Saturday, June 13, 2015

Opiorphin

On that first night when we crammed all of us
into your back seat
and tried to rub the melanin off our skin;
you traced your tongue around the arch of my back and called me magic.

your tongue has become a practiced prayer i say to rid myself of the pain.
you're lying on my bed humming into my skin
because we have nothing to say to each other.
i'm using you for metaphors and similes for love,
tearing pieces of us to reclaim a part of me that has forgotten to write since...
well, since.
you ask me about work a million times because really when our mouths aren't full with each other,
we remember all the ways that we're going to regret this.
i shouldn't be making a home in another's body
but you pull me to you at 2 am and suddenly i don't know what to do with my legs
i haven't stared at them and wondered how high they can jump since you came along.

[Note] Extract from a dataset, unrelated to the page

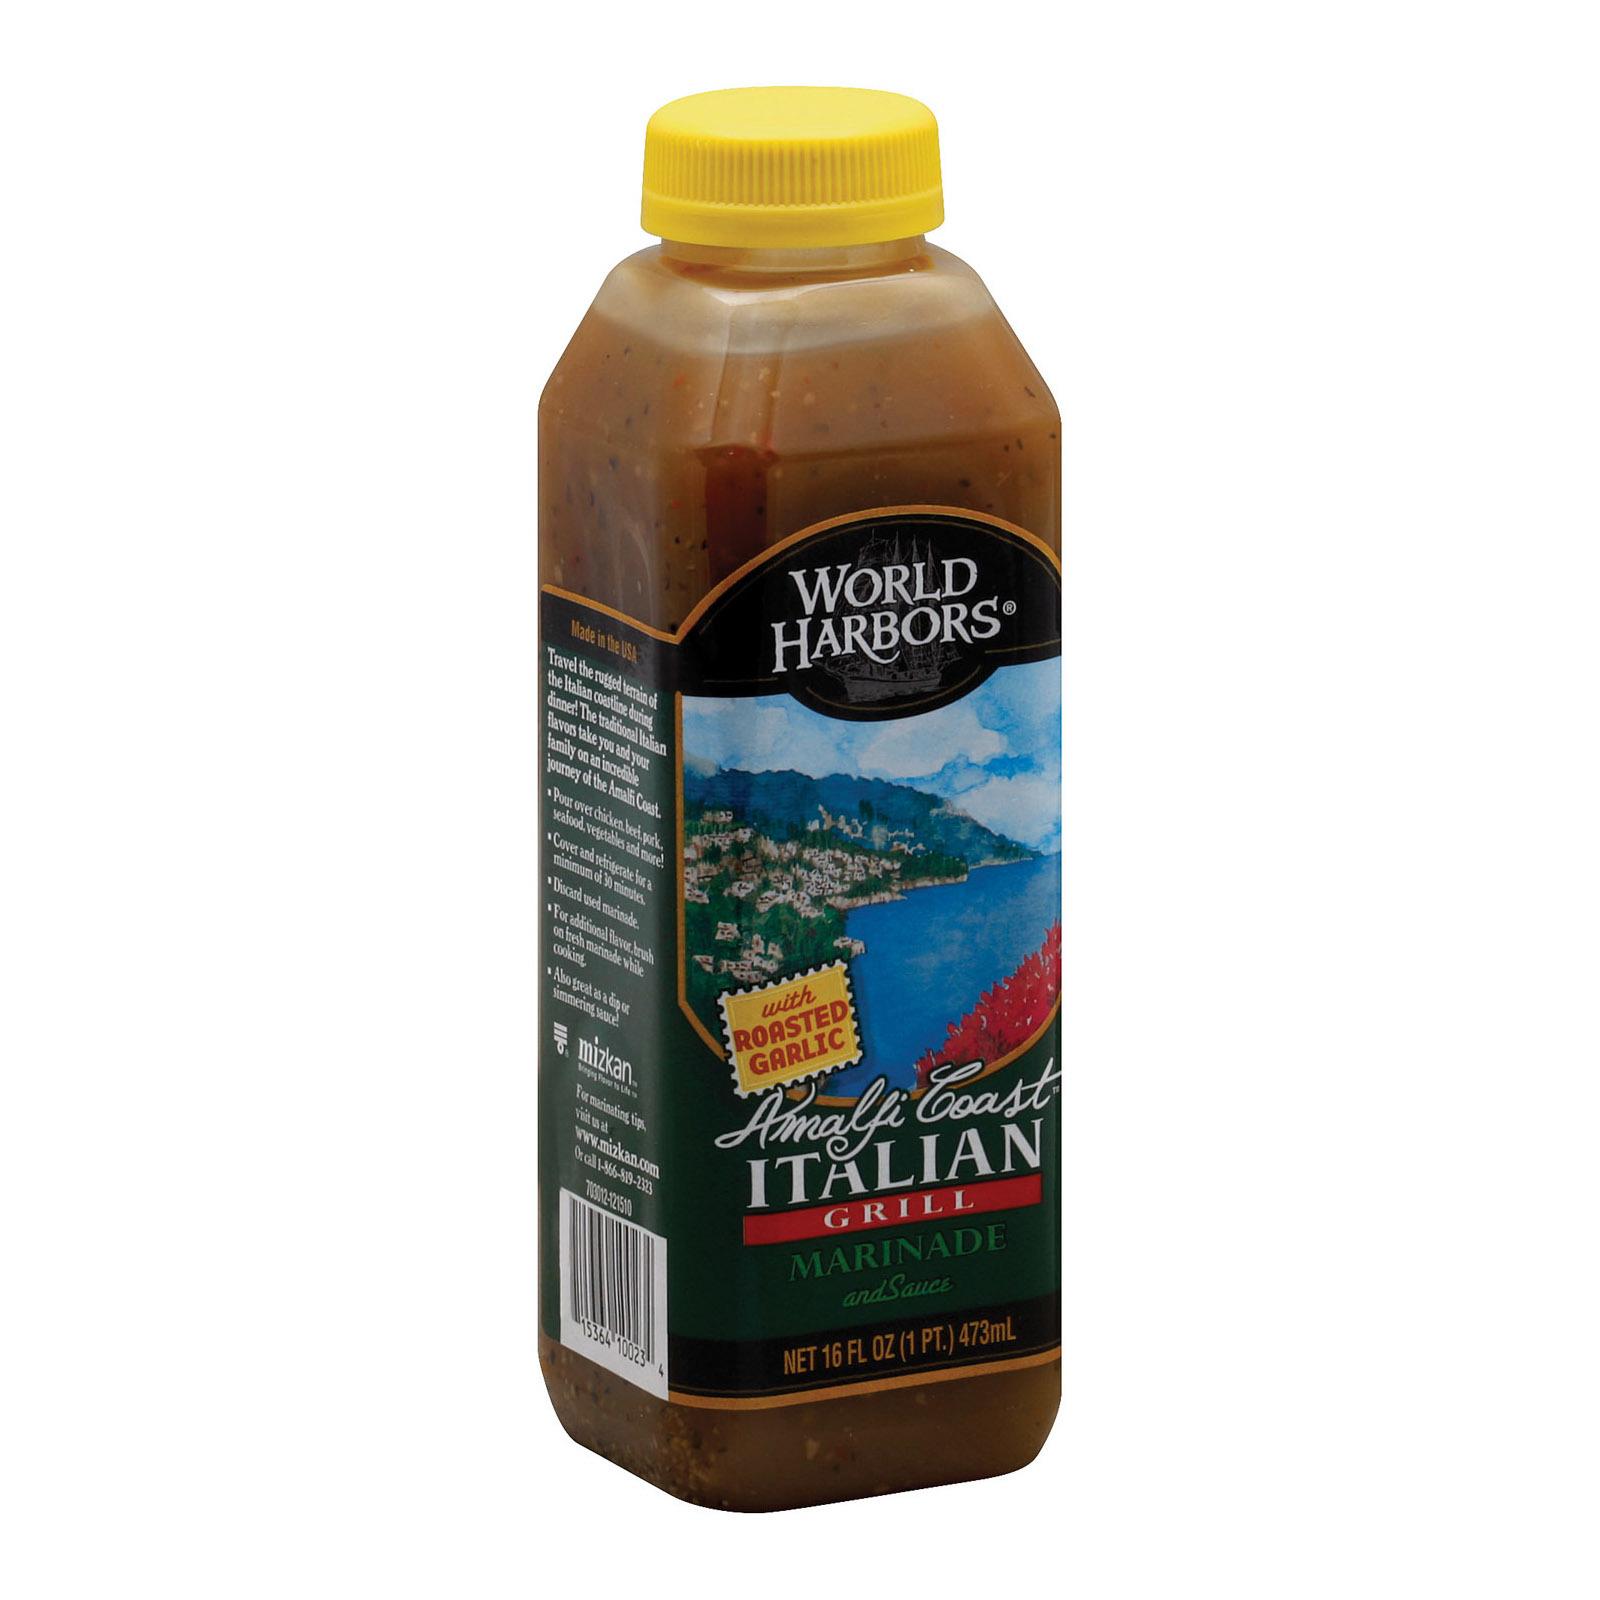 World Harbor Amalfi Coast Marinade and Sauce Italian Grill - Case of 6 - 16 Fl oz.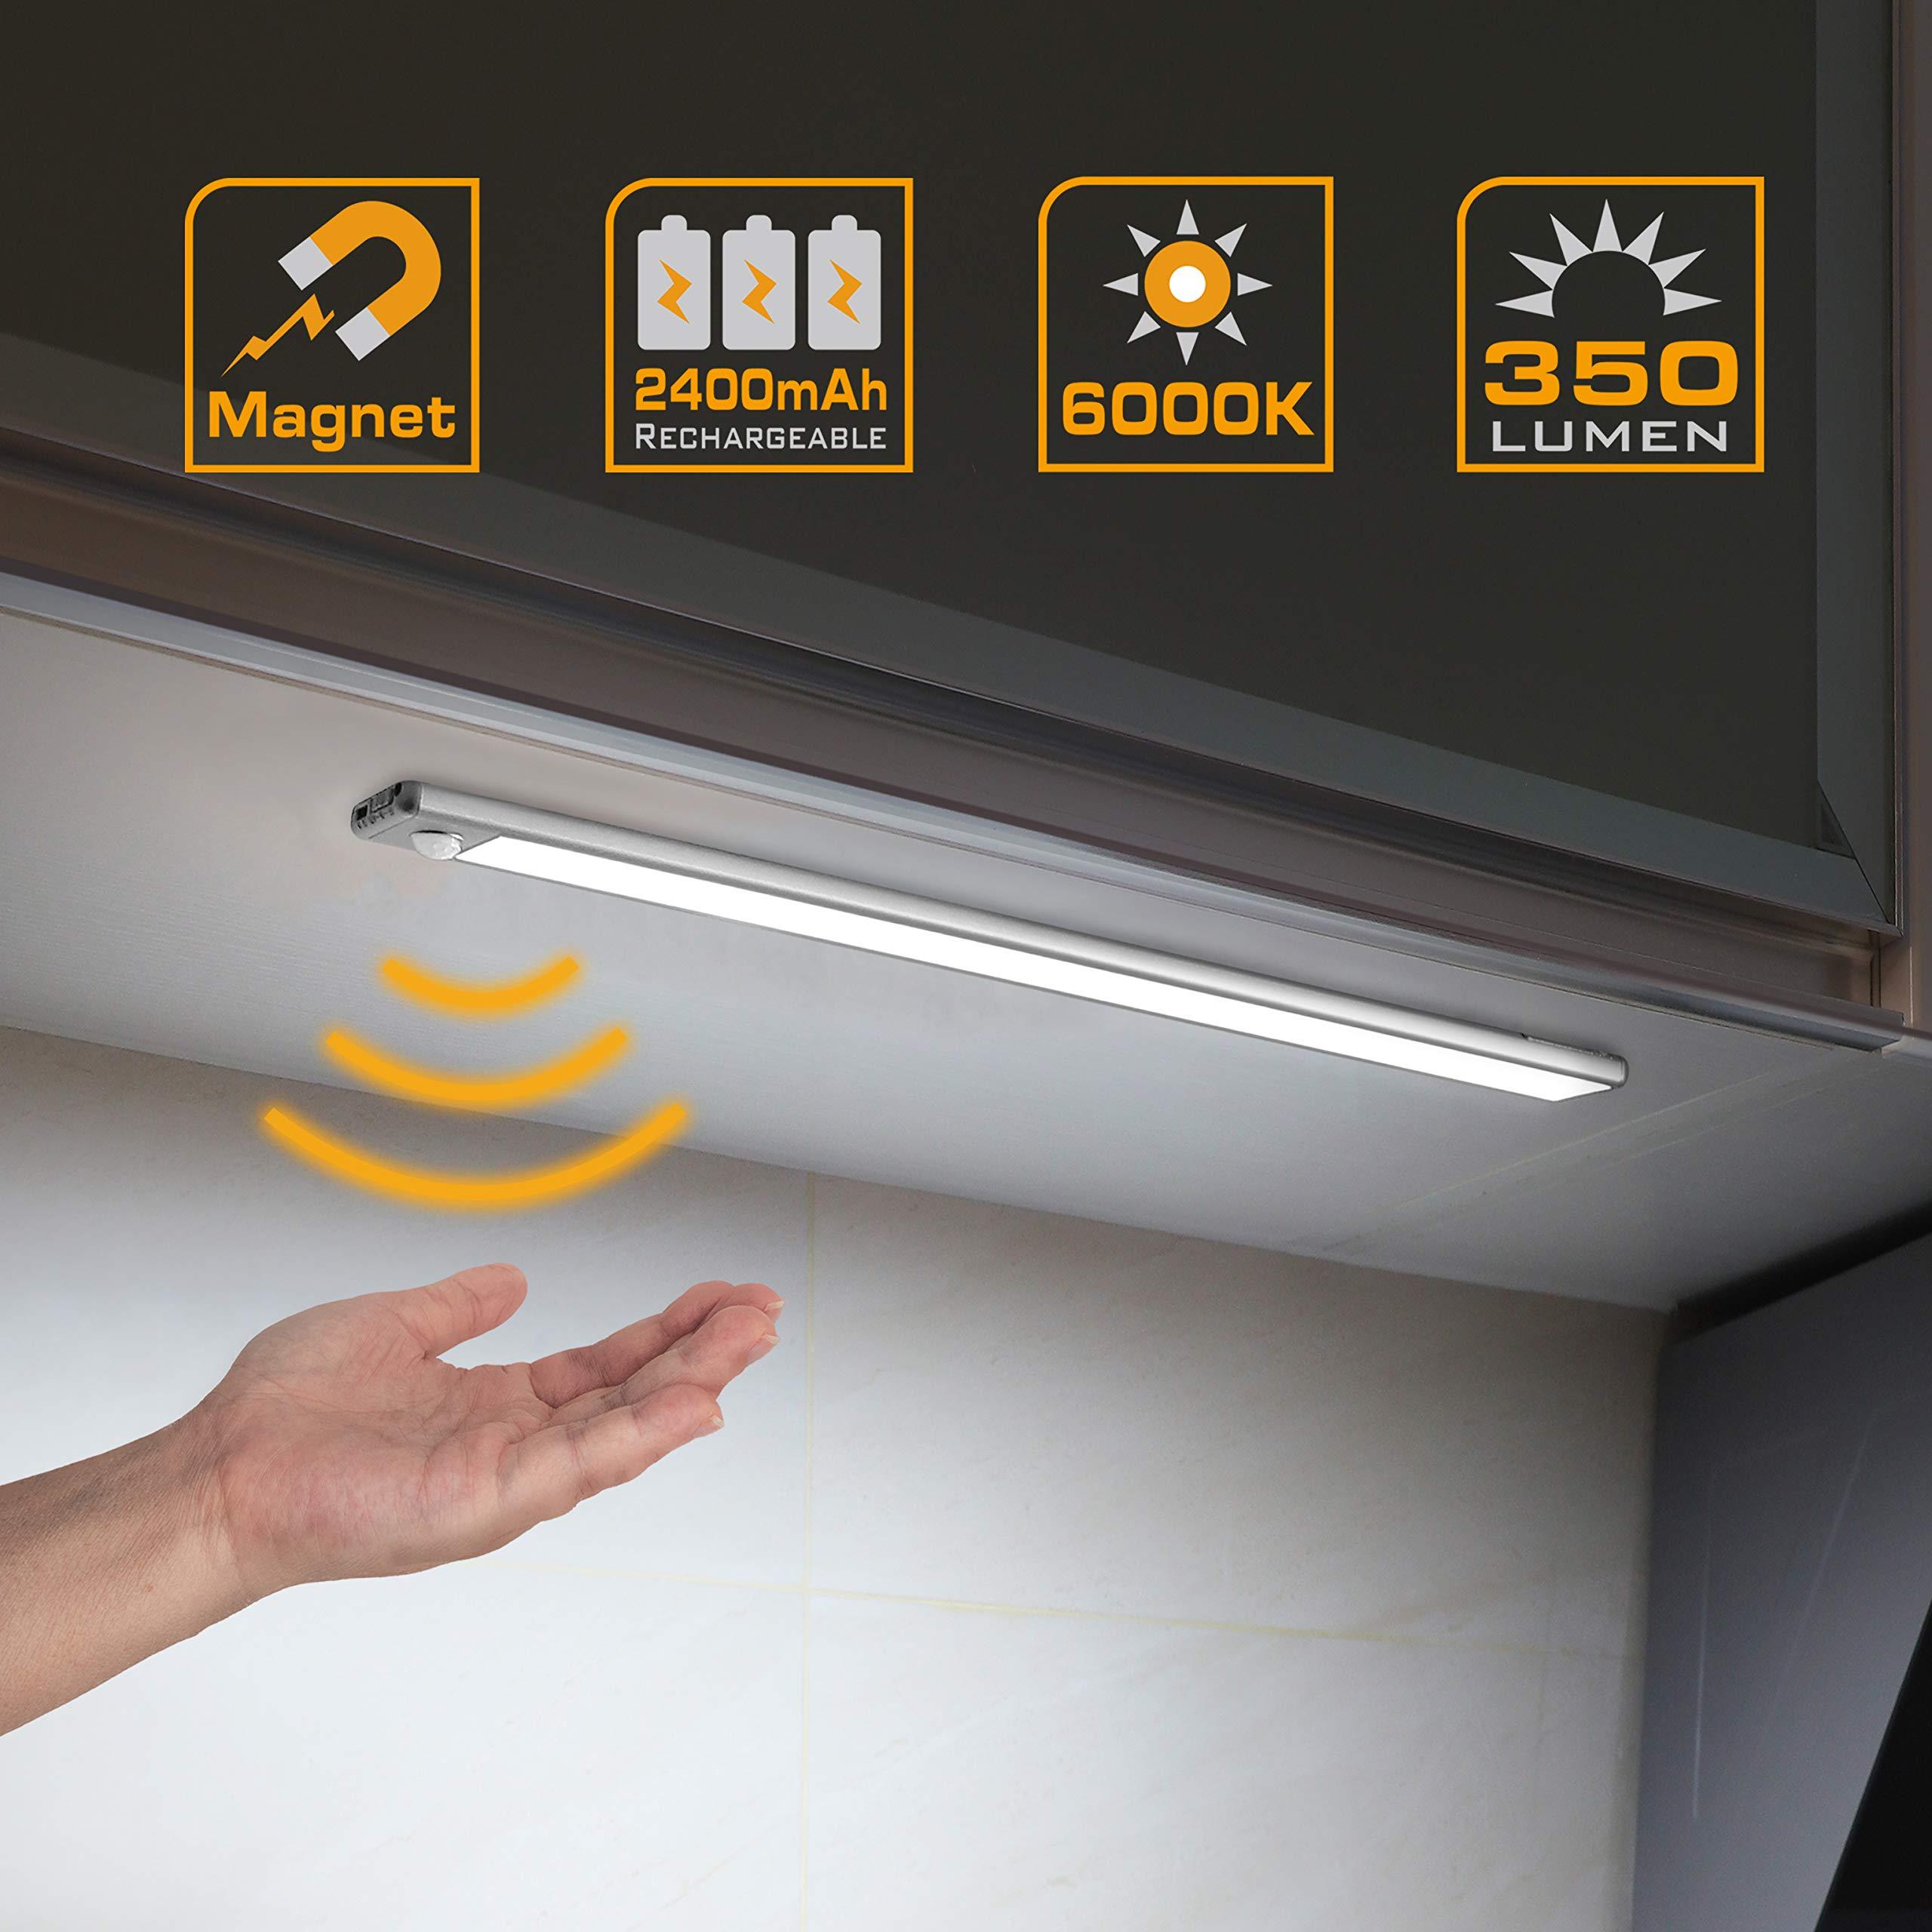 EverBrite Under Cabinet Lighting, 70 LED Under Counter Lighting, Wireless Motion Sensor Light, Ultra Thin LED Light Bar for Closet, Cabinet and Hallway, 350 Lumen, 6000K

love shouldn't look like a scrawny, skinny boy who laughs into my skin and doesn't know what to say to me after his lips leave mine to draw breath
i'm not afraid of being moved anymore
but this is not love or the beginning of it

my therapist thinks i lie to her,
i do.
she asks me if i've thought about hurting myself or anyone else,
i say no and that's the truth. i've learnt to transfer the pain into a sea of dark skin.
she asks again if i would ever consider drugs,
i say no. you can tell she's come to the end with me.
i don't have any anecdotes to tell her,
i'm supposed to be happy. i don't fit.
i bore my therapist.

i get to decide who i share this temple with.
the last person i let worship in it burnt it to the ground.
so you get no fire, you get no fuel.
you can stay and pray till you get tired of the silence and leave.

when you stumble out of my bed in the morning,
i smile and wait for the shame to come.
and each time it arrives,
i'm reminded that i am indeed a Nigerian woman.